When I first started my research on legal aspects of domain names about five years ago (the result is available here) I had the feeling that I was beating a dead horse. The U.S. Anti-Cybersquatting Consumer Protection Act (ACPA) was already up and running for about three years, the Uniform Dispute Resolution Policy (UDRP) of ICANN too. Many people had the feeling that the game is over for cybersquatters.
A WIPO report published yesterday covering 2006 proved me wrong. WIPO speaks of an increase of 25% in the number of disputes over domain names brought before its dispute resolution panel last year. Once, I thought that the proliferation of generic Top-Level-Domains (have already heard of .mobi and .travel?) would discourage trademark holders from registering multiple variations of their mark under every possible generic TLD. Why? Simply because it would become too burdensome and expensive, almost like the administrative procedure of keeping the trademark registration itself. I was proven wrong again. According to the WIPO summary, more generic-TLDs means more disputes, not less.
According to WIPO, rightholders are particularly concerned about the practices of using computer software to automatically register expired domain names, domain names “parking” on pay-per-click portal sites and the option to register names free-of-charge for a five-day ‘tasting’ period. Looks like the future of legal specialists in the area is bright, particularly in a multi-language environment that supports non-Latin characters composing gTLD. Only last week, ICANN announced success in experimenting the introduction of the so-called internationalized top-level domains (IDN). No impact on the root name servers could be detected.
What’s the moral in the tale? I’m not sure. I only ask myself whether people would still be so eager about filing cybersquatting complaints if we had 200 gTLDs in 100 languages. Wouldn’t make sense, would it? Am I wrong again?

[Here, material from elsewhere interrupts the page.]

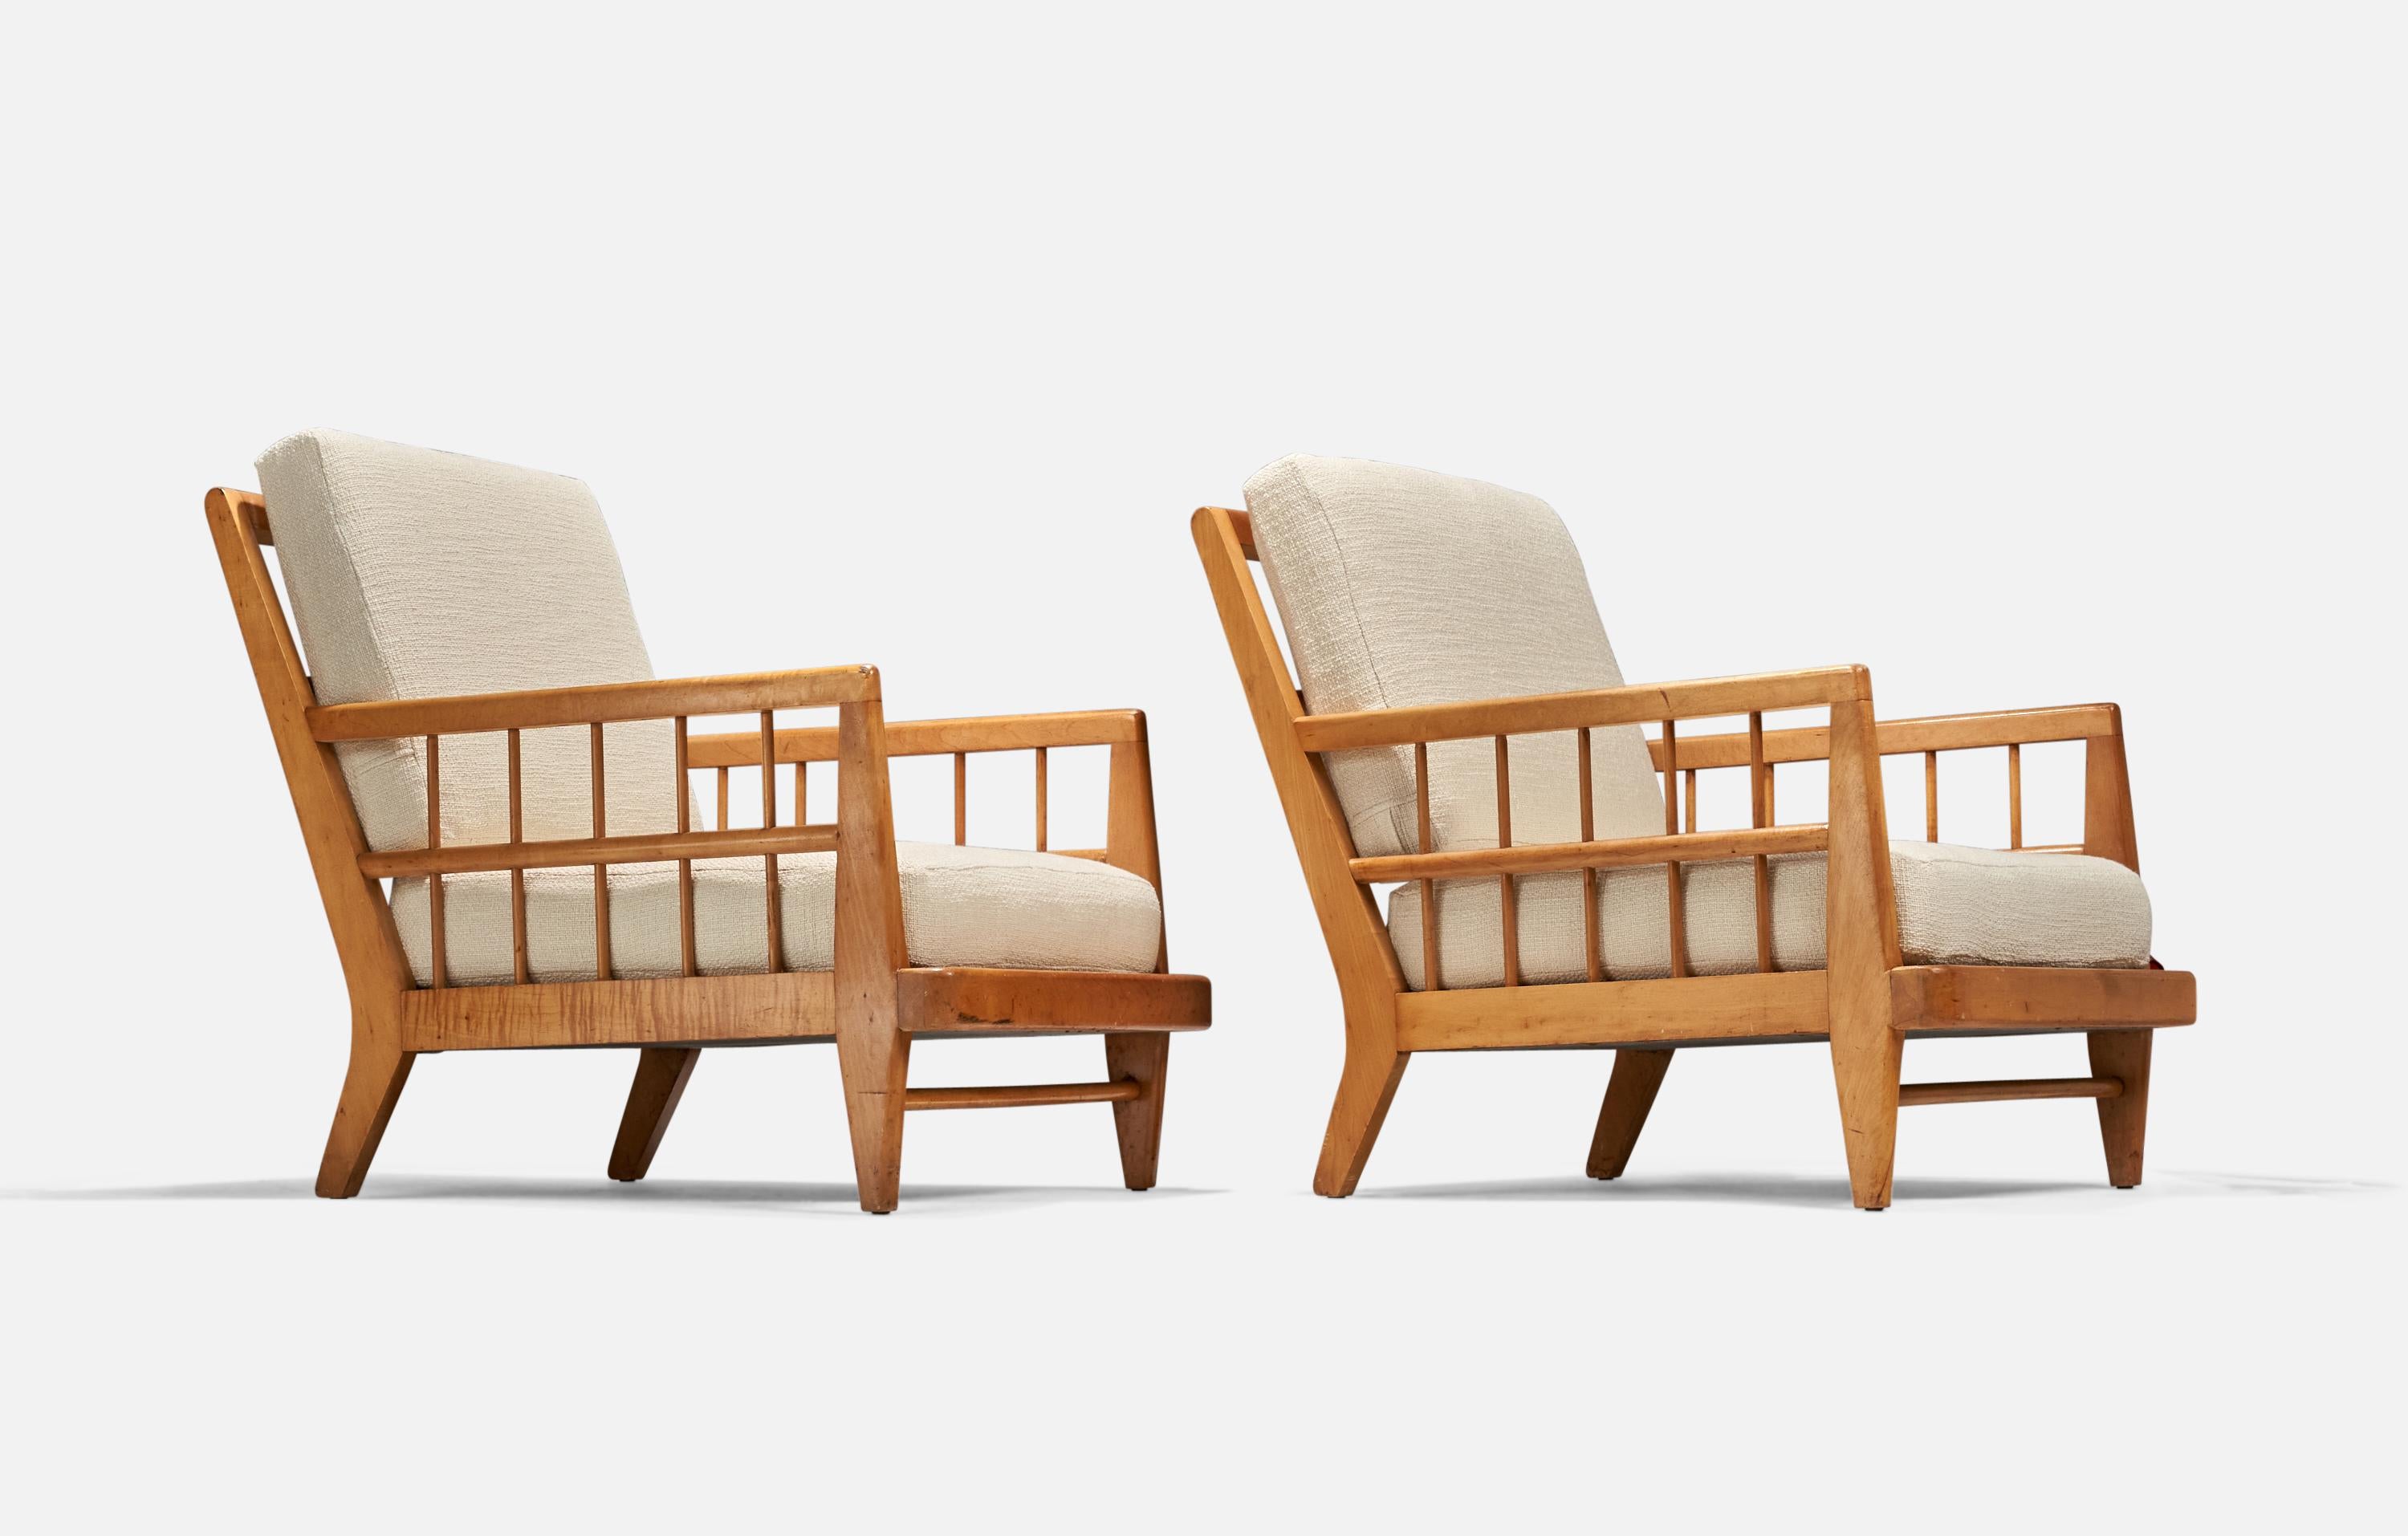 Paire de chaises longues en hêtre et tissu blanc conçues par Edward Wormley et produites par Drexel, États-Unis, années 1940.

Mesure : hauteur du siège (pouces) : 14.5.

I think you are wrong AGAIN, because history has tuaght us that a certain few domain extensions will gain traction among main stream consumers.
dear pabu,
thanks for your comment. I am afraid you did not get my point. Sure, .com and .net have more registrations than other unrestricted gTLDs (such as .pro), mainly because they were there first. The creation of clear laws and regulations controlling the registration of popular gTLDs, supported by a growing body of case law, should reduce the chances to profit from opportunistic behavior. This is why I thought that the volume of disputes will generally fall and not rise. In the end, owners of strong marks will usually have the registration under popular gTLD. They will care less about the rest. More unrestricted gTLDs means more possibilities to register the mark as a domain name. Dominating the entire gTLD spectrum for a certain mark will therefore entail greater administrative costs, discouraging litigation for the less popular ones. This underlies the assumption the proliferation in gTLDs should not necessarily lead to more disputes.